YOUR TASK: An exact copy is all that is wanted: the lines from the one with "Leidenschaftliche Debatte der" through the end of the listing below, both included, minus any pictures.

MATERIAL PROVIDED:
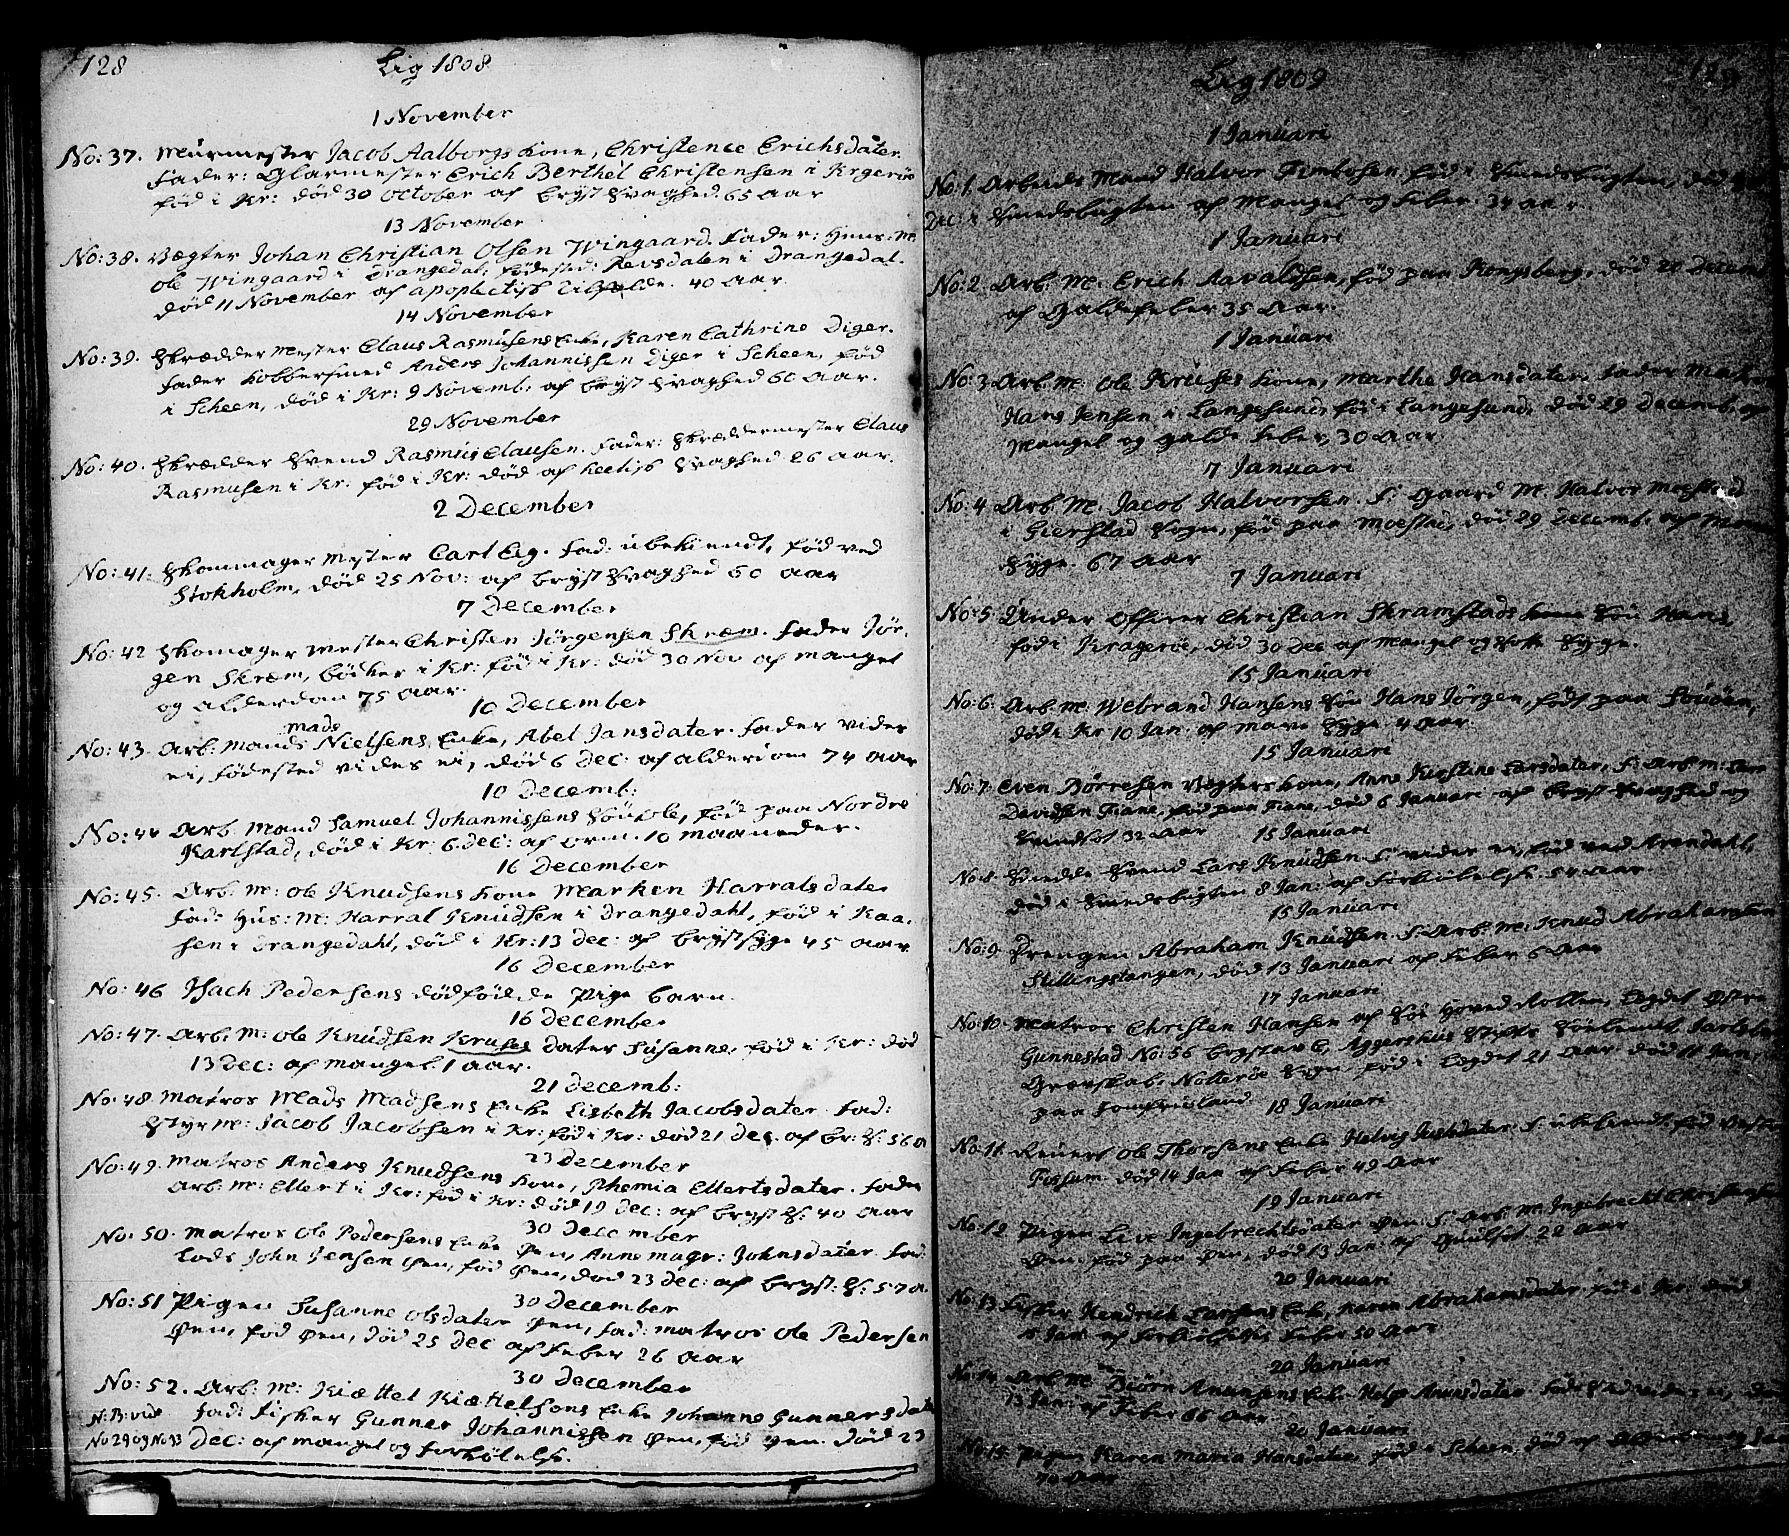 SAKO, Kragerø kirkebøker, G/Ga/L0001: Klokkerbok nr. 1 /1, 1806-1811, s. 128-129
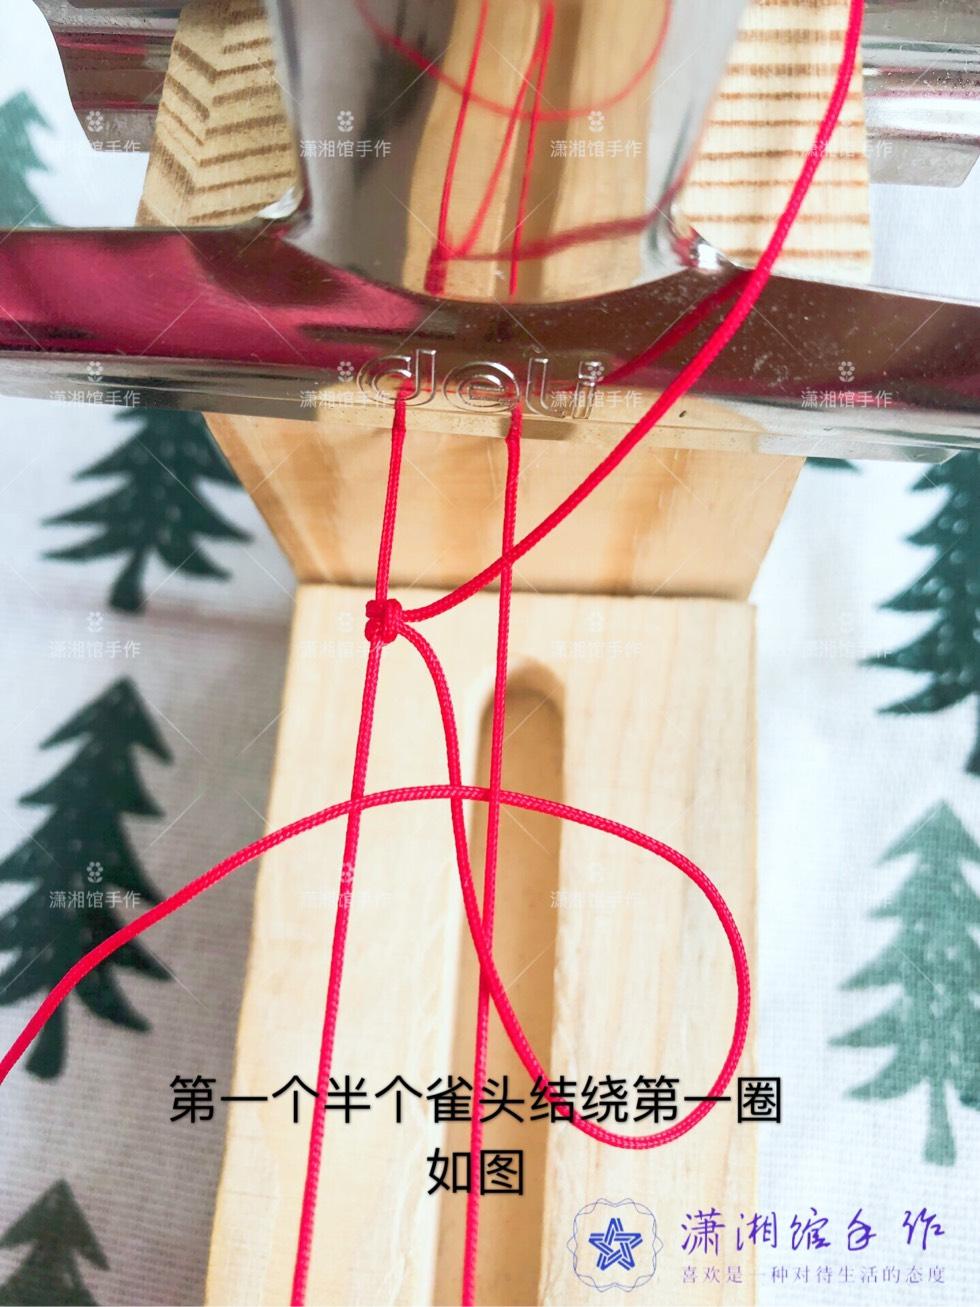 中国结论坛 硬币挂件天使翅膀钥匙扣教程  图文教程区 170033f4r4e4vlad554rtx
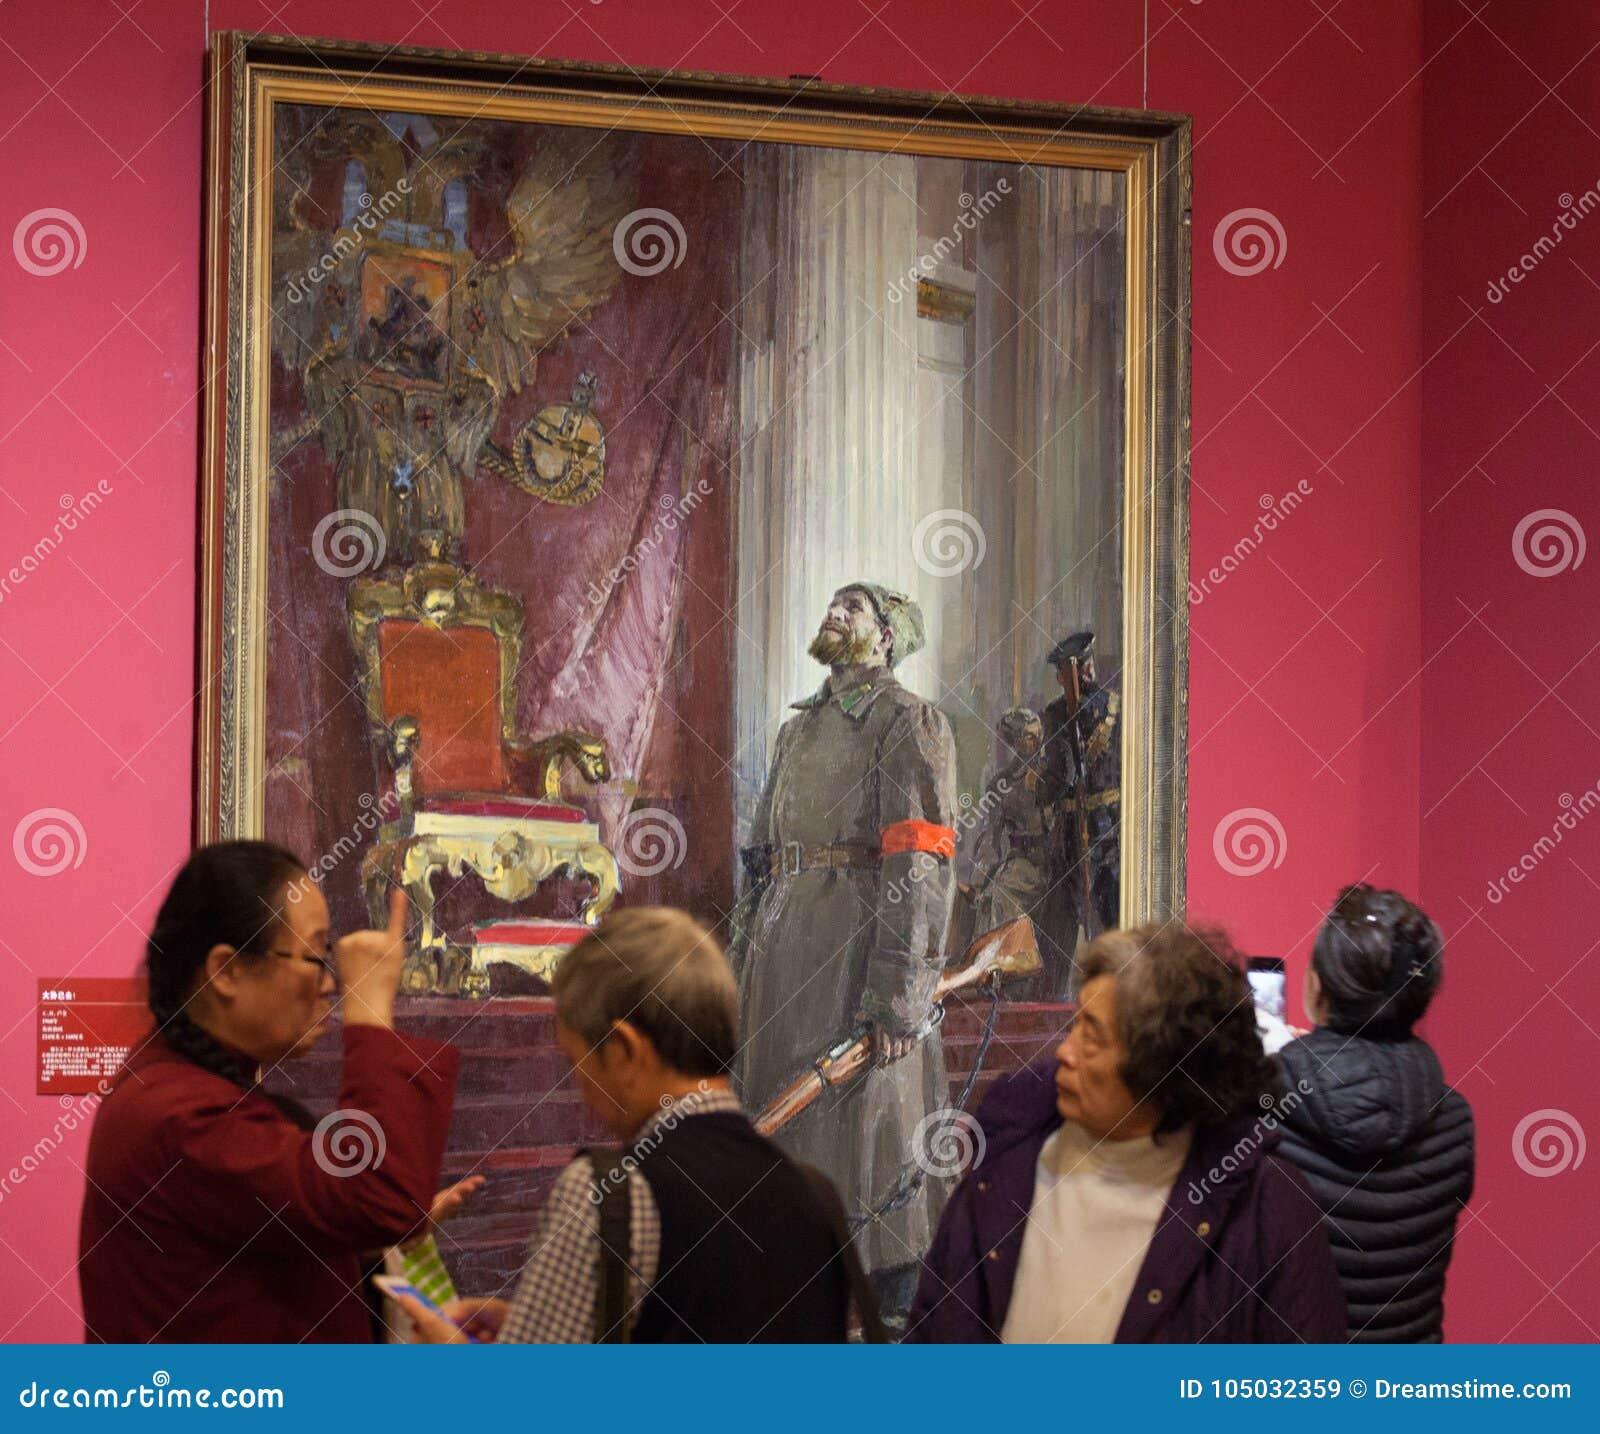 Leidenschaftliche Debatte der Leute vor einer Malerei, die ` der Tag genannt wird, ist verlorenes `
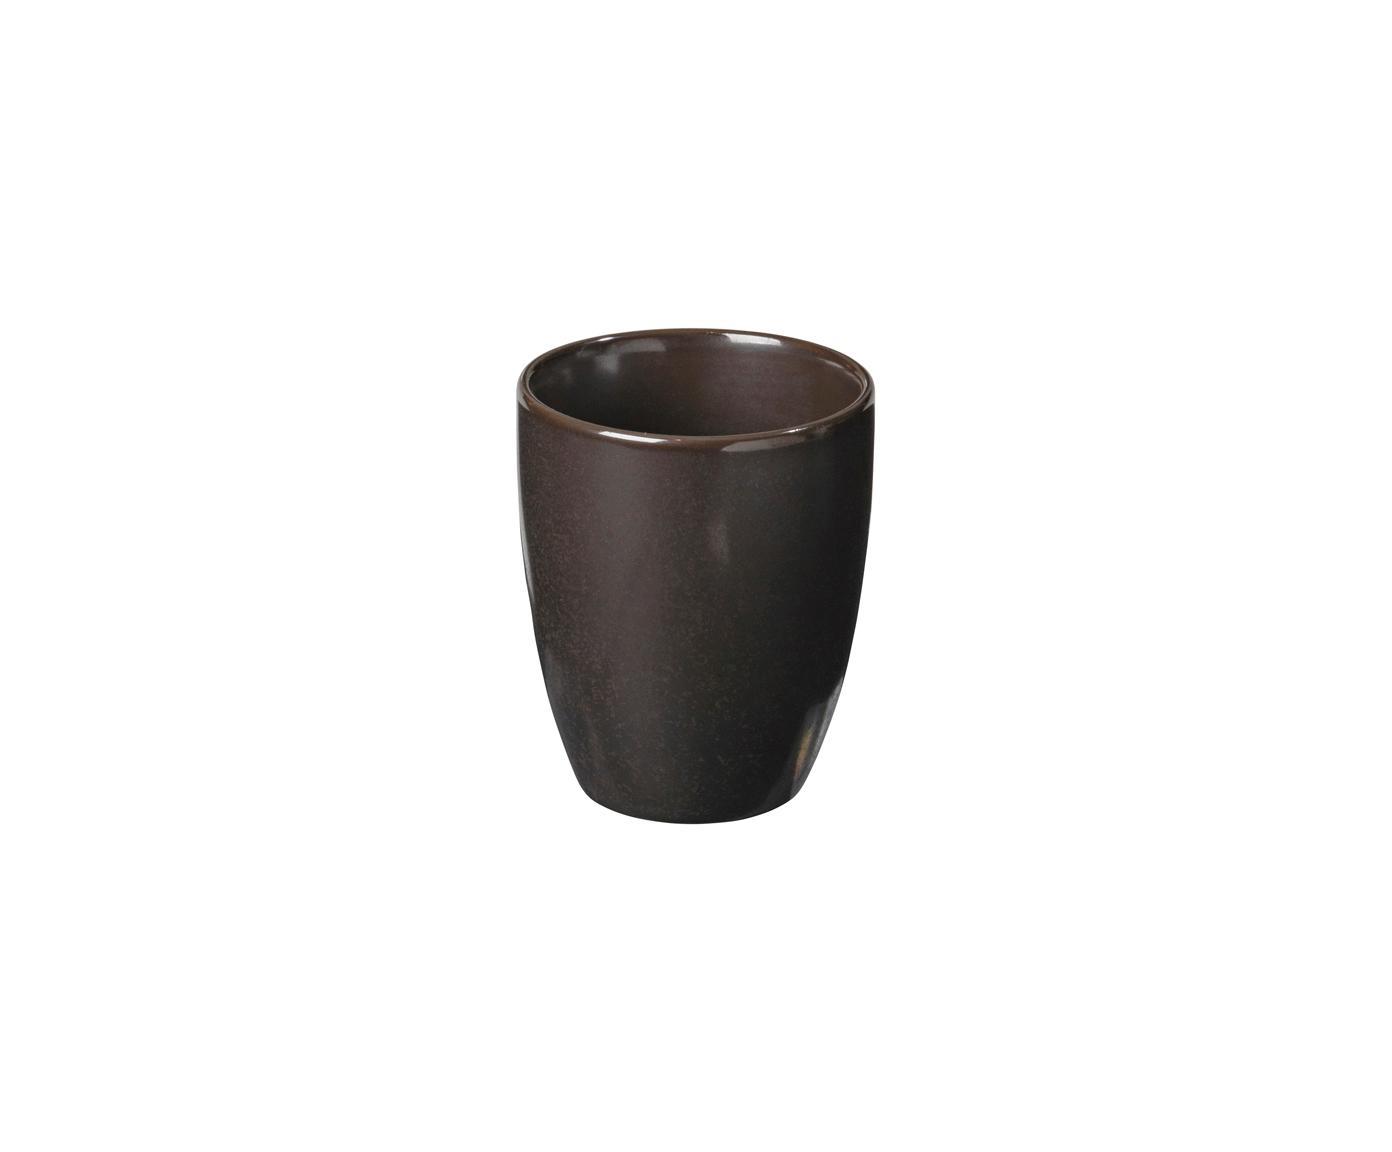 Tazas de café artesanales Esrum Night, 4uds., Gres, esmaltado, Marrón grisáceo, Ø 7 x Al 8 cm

SOLUTION TO THE EXERCISE:
 Leidenschaftliche Debatte der Leute vor einer Malerei, die ` der Tag genannt wird, ist verlorenes `
 Tazas de café artesanales Esrum Night, 4uds., Gres, esmaltado, Marrón grisáceo, Ø 7 x Al 8 cm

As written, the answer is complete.